Your task: Any picture in the range stays out of the copy; retype exactly the lines from the one with "Griekse haven met gekleurde huisjes" to the end of the listing.

Supplied information:
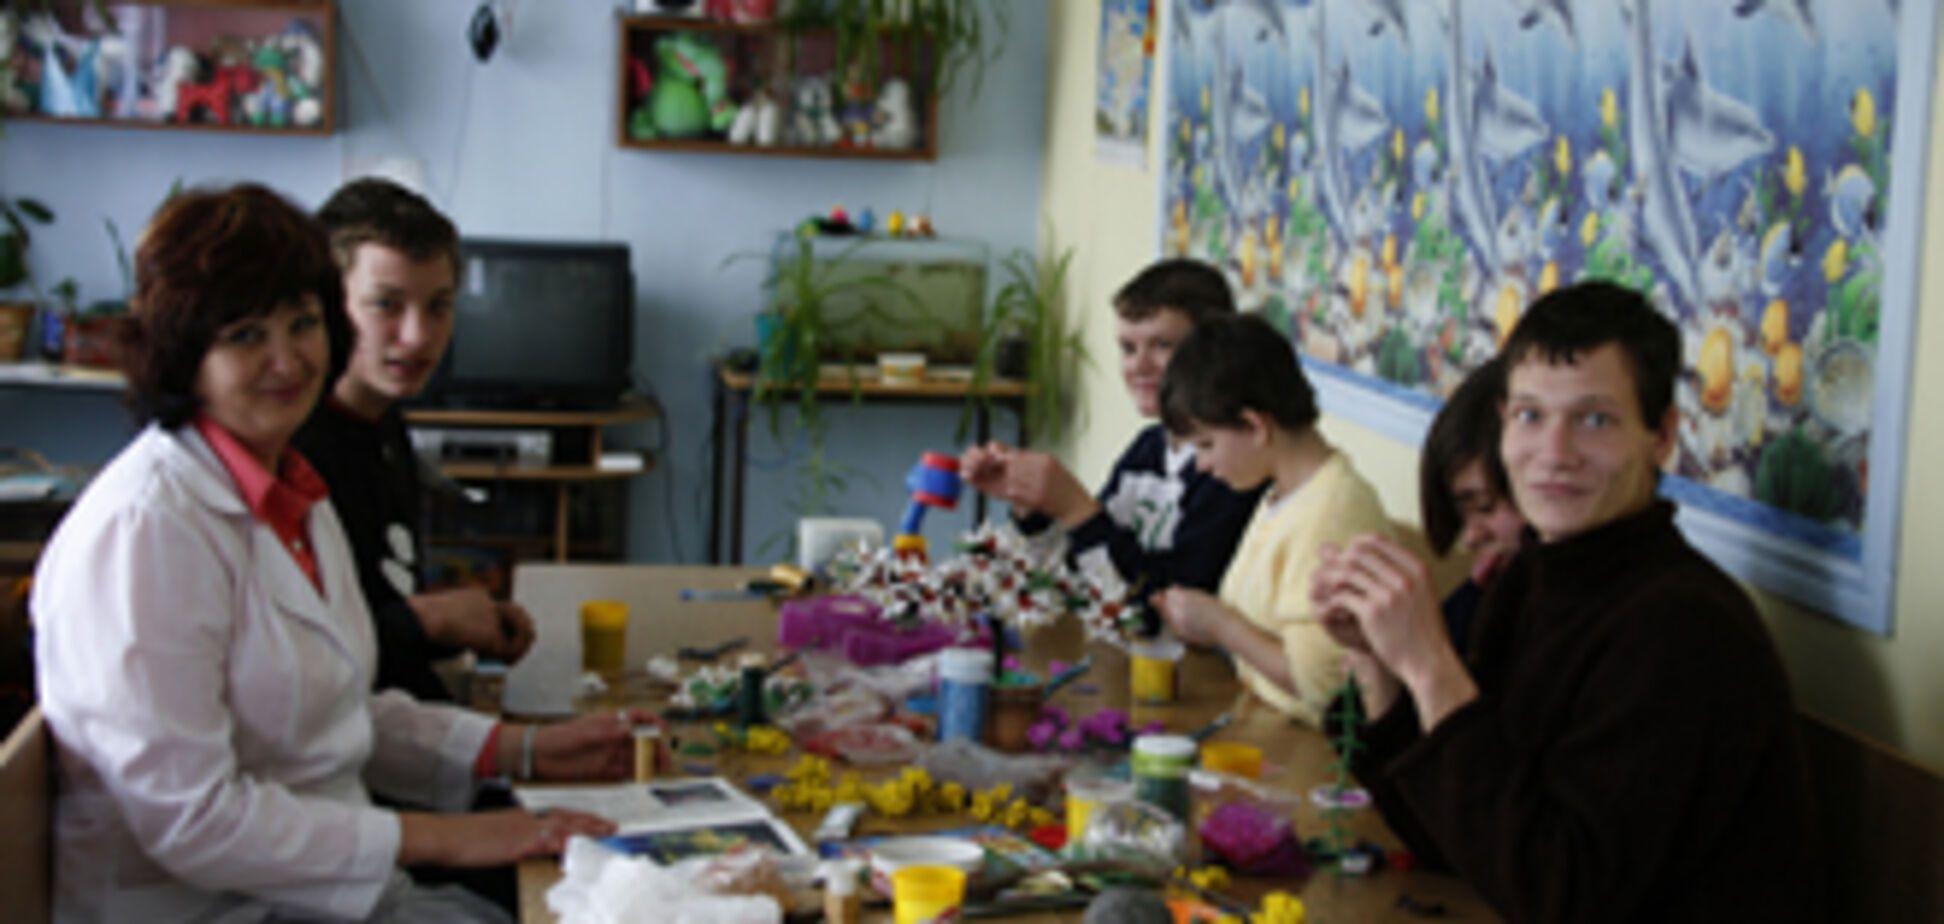 Юных инвалидов заставляли строить дома для воспитателей
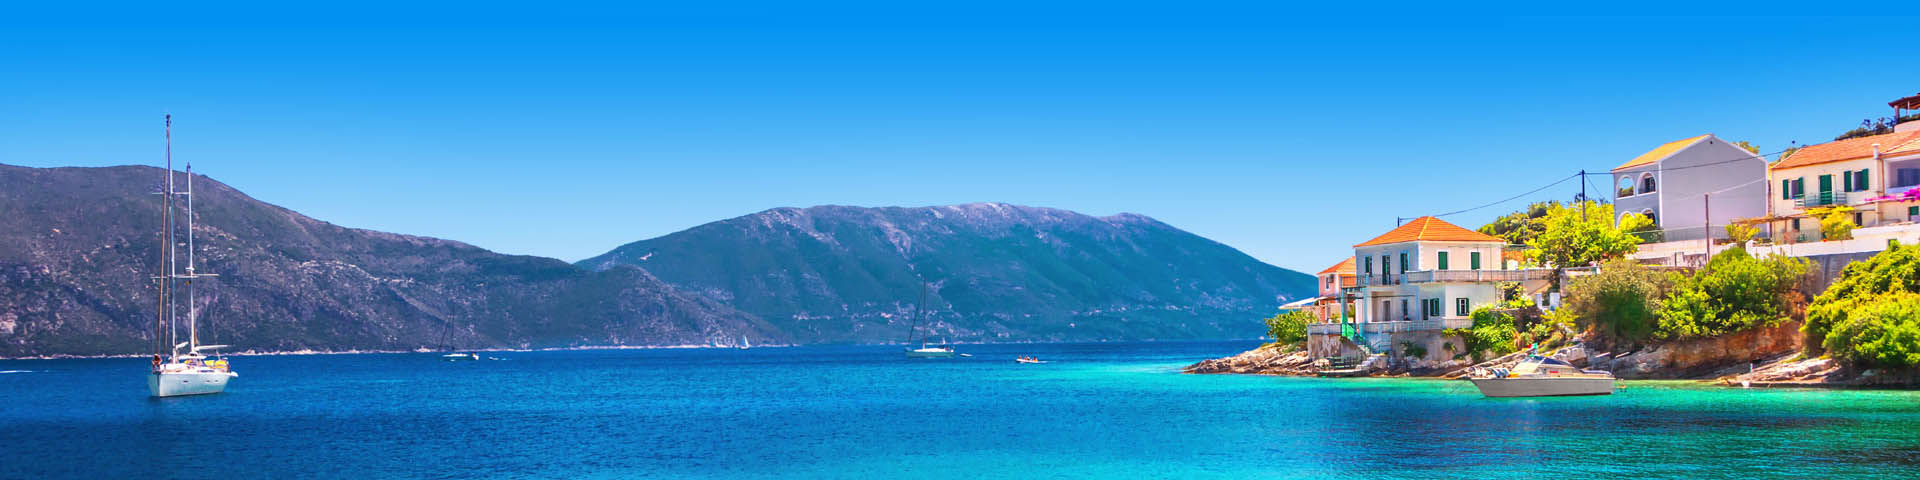 Griekse haven met gekleurde huisjes
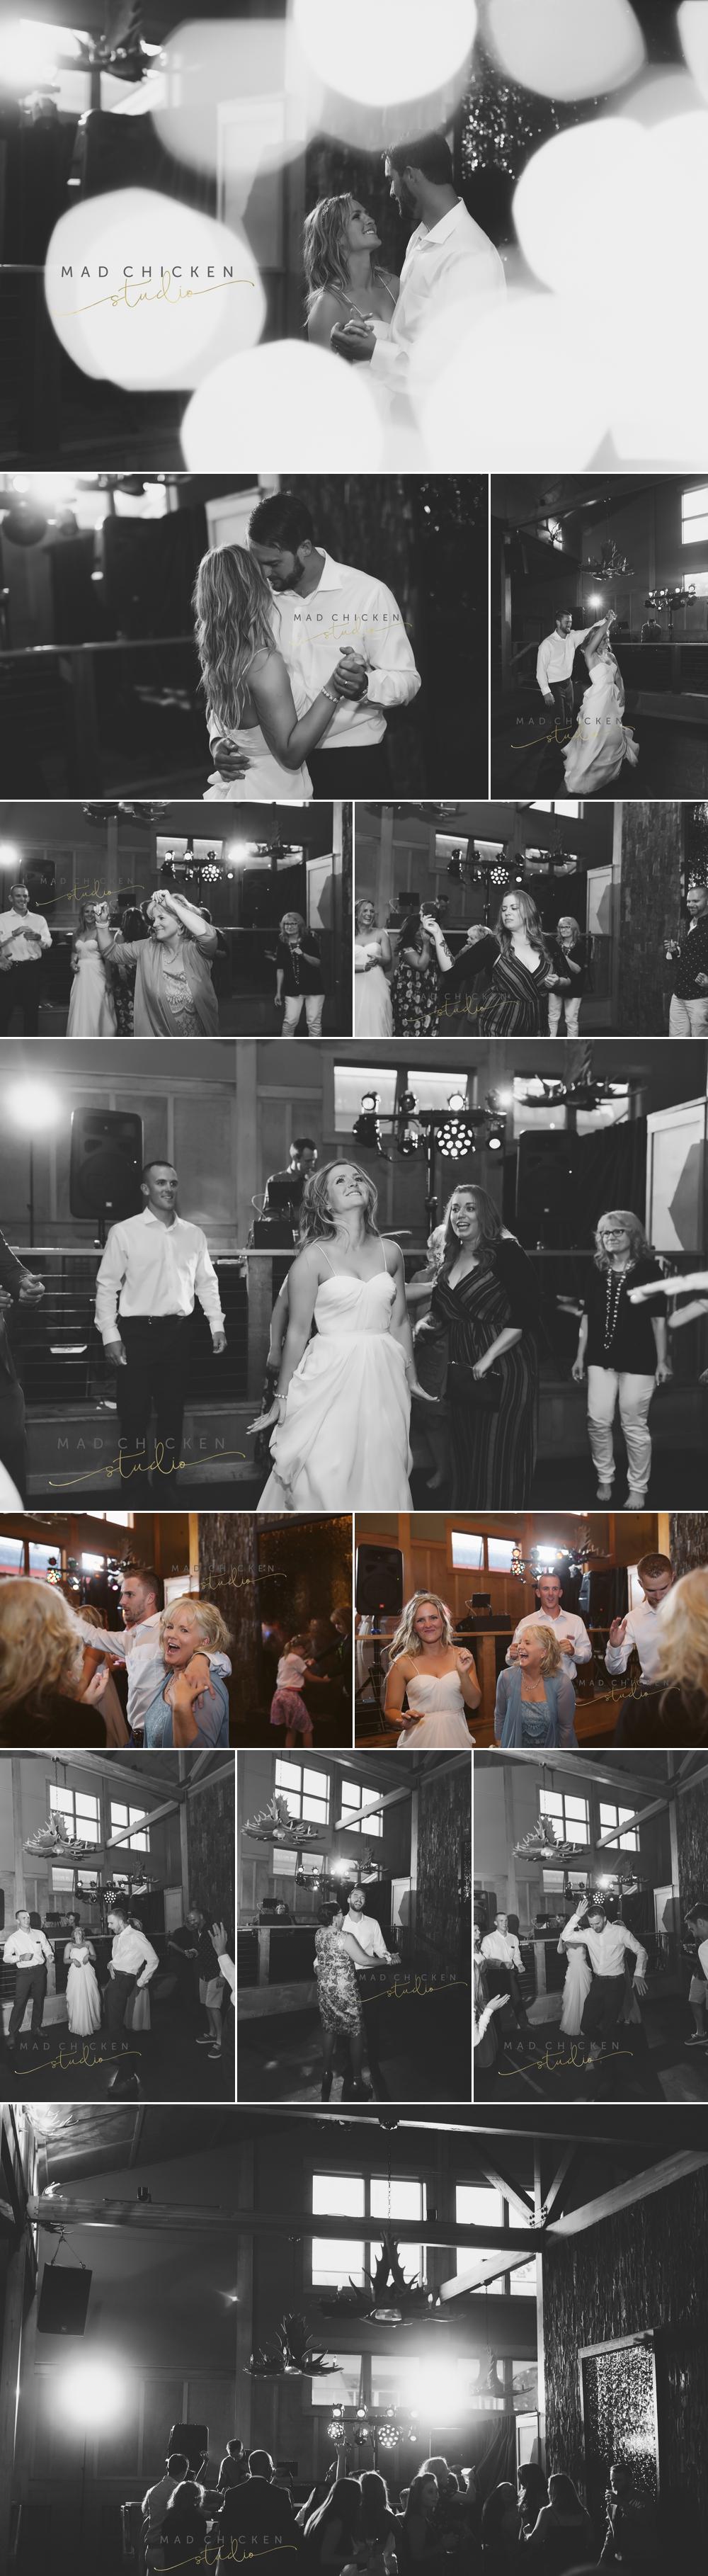 wedding dance at summit chalet

Answer below:
 Griekse haven met gekleurde huisjes
 wedding dance at summit chalet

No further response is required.